C’est sous l’intitulé :‘’La qualité des métiers authentiques et modernes du bâtiment et de l’équipement, entre le levier de l’approche écologique et le défi de l’efficacité énergétique’’ que « l’Association Professionnelle des Métiers du Bâtiment et de l’équipement » et « l’Établissement Marocain d’Art et Concept » EMA Concept, organisent,  entre le 23 et le 28 avril 2019 sur la place El Amal à  Agadir, la troisième édition du " Salon National des Métiers du Bâtiment et de l'Equipement et de  l'Artisanat " .

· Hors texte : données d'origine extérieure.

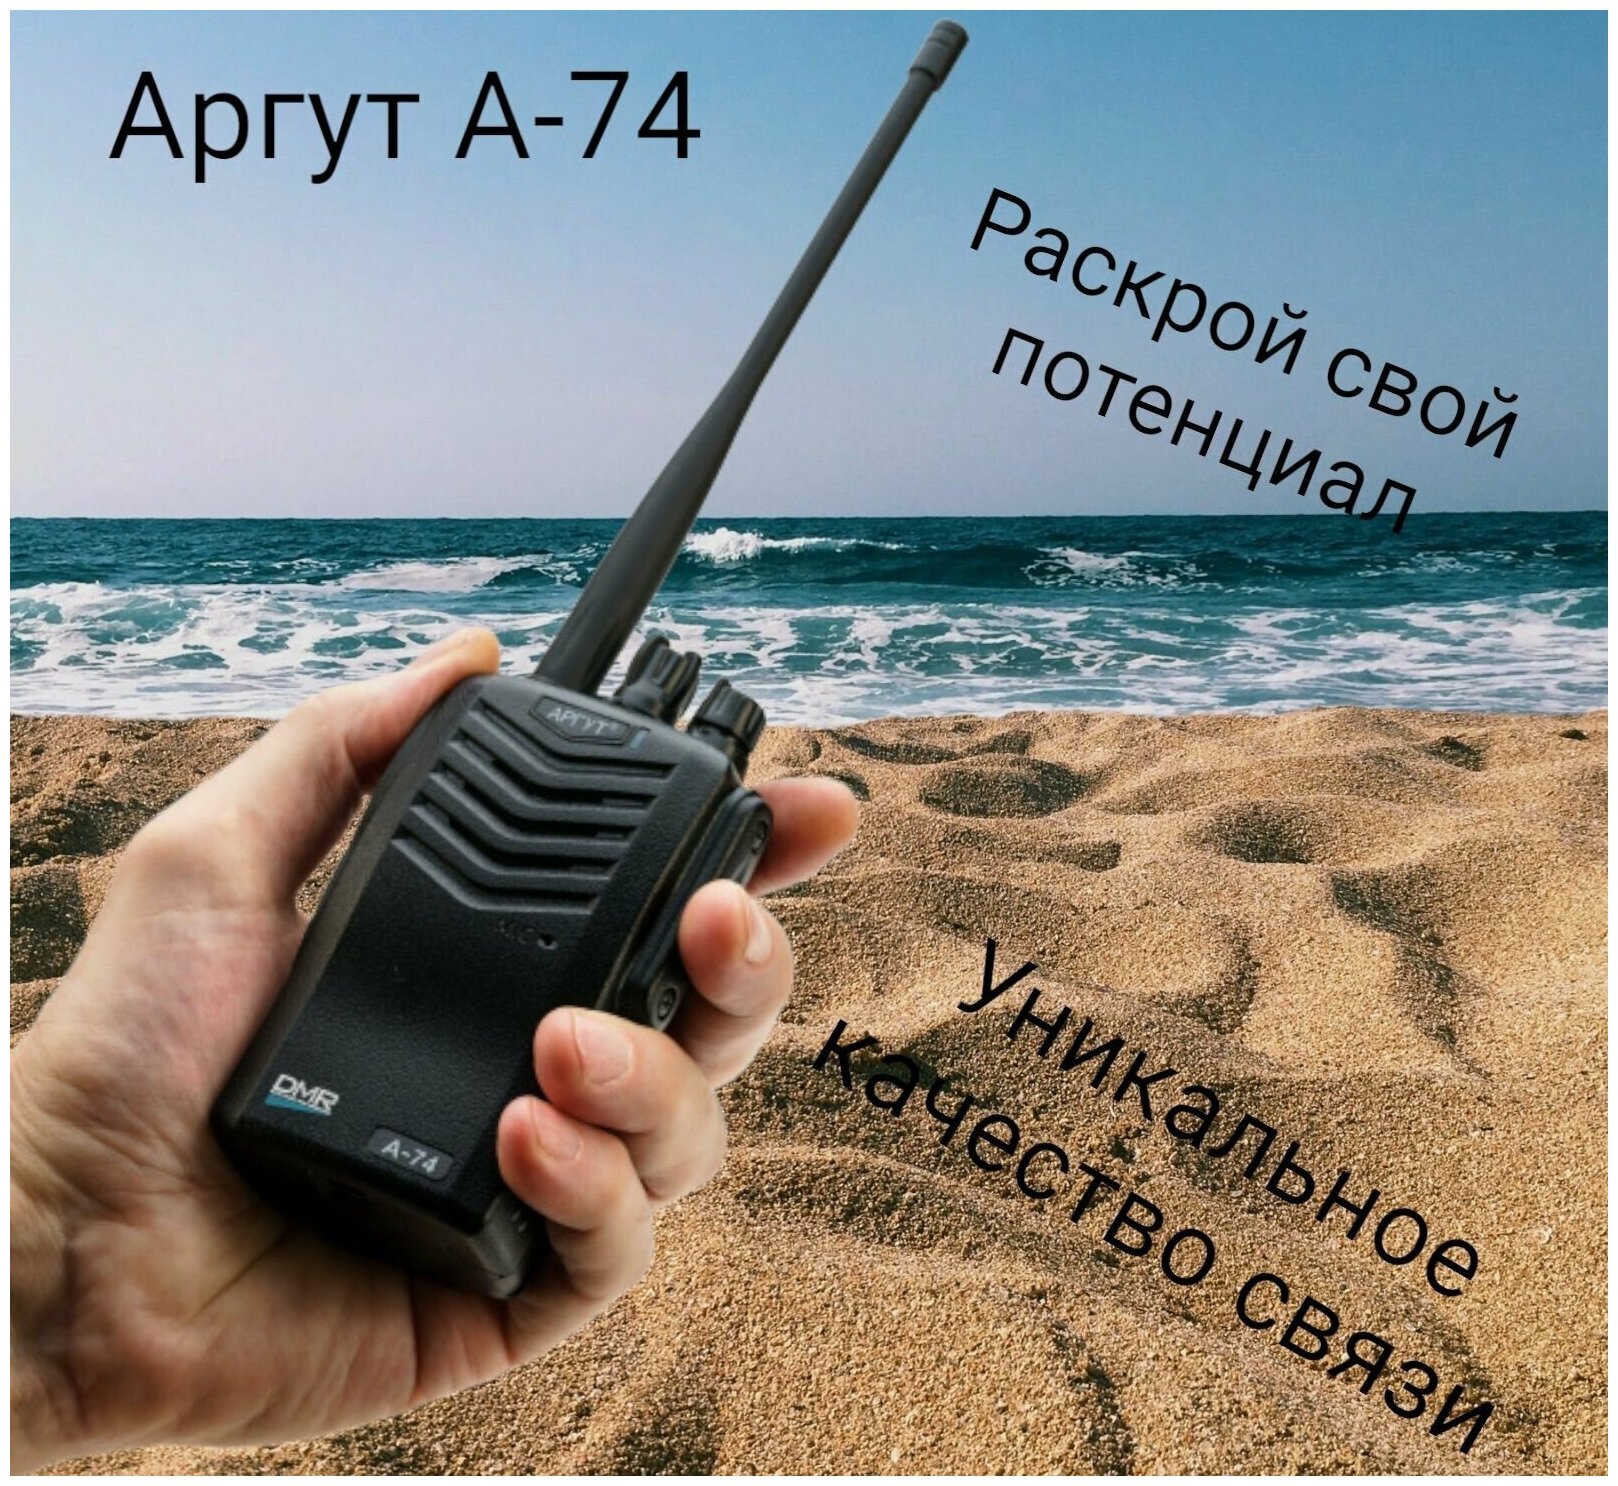 Радиостанция Аргут А 74 рация DMR

Aussi convient il de préciser que  cette troisième  édition  adopte une approche organisationnelles qualitative globale, qui fait d’elle un rassemblement national avec des horizons internationaux, recevant les différant acteurs des services administratifs et productifs ainsi que des professionnels, des experts et des académiques, marocains et étrangers.

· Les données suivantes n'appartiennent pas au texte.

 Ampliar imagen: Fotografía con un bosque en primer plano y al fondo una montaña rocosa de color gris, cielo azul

A cet effet un communiqué de presse évoque la programmation de deux espaces dédiés à savoir : L’espace des séminaires, des ateliers professionnels, des ateliers de formation et des tables rondes académiques et professionnelles et  l’espace des expositions et des stands commerciales spécialisés dans un certain nombre de domaines dont : le domaine des services du bâtiment et de l’équipement; le domaine des énergies renouvelables; le domaine de la création et du soutien des PME; le domaine de la formation et de la qualification des ressources humaines et des expertises professionnelles et écologiques, pour le secteur du bâtiment et de l’équipement.
Sans oublier, précise-t-on de même source, que  dans le cadre de la journée d’ouverture du salon, cette troisième session aura le privilège d’organiser « le premier forum national pour le renforcement de la stratégie énergétique marocaine» intitulé « l’efficacité énergétique et l’approche écologique des métiers du bâtiment et de l’équipement, entre le fait actuel et les horizons.»
Et c’est d’ailleurs la raison pou laquelle l’Association et ses partenaires invitent tous les spécialistes, experts, universitaires, professionnels et artisans ainsi que les institutions et entreprises impliquées dans les secteurs de la construction, de la transformation et de l’énergie de prendre part à cet événement .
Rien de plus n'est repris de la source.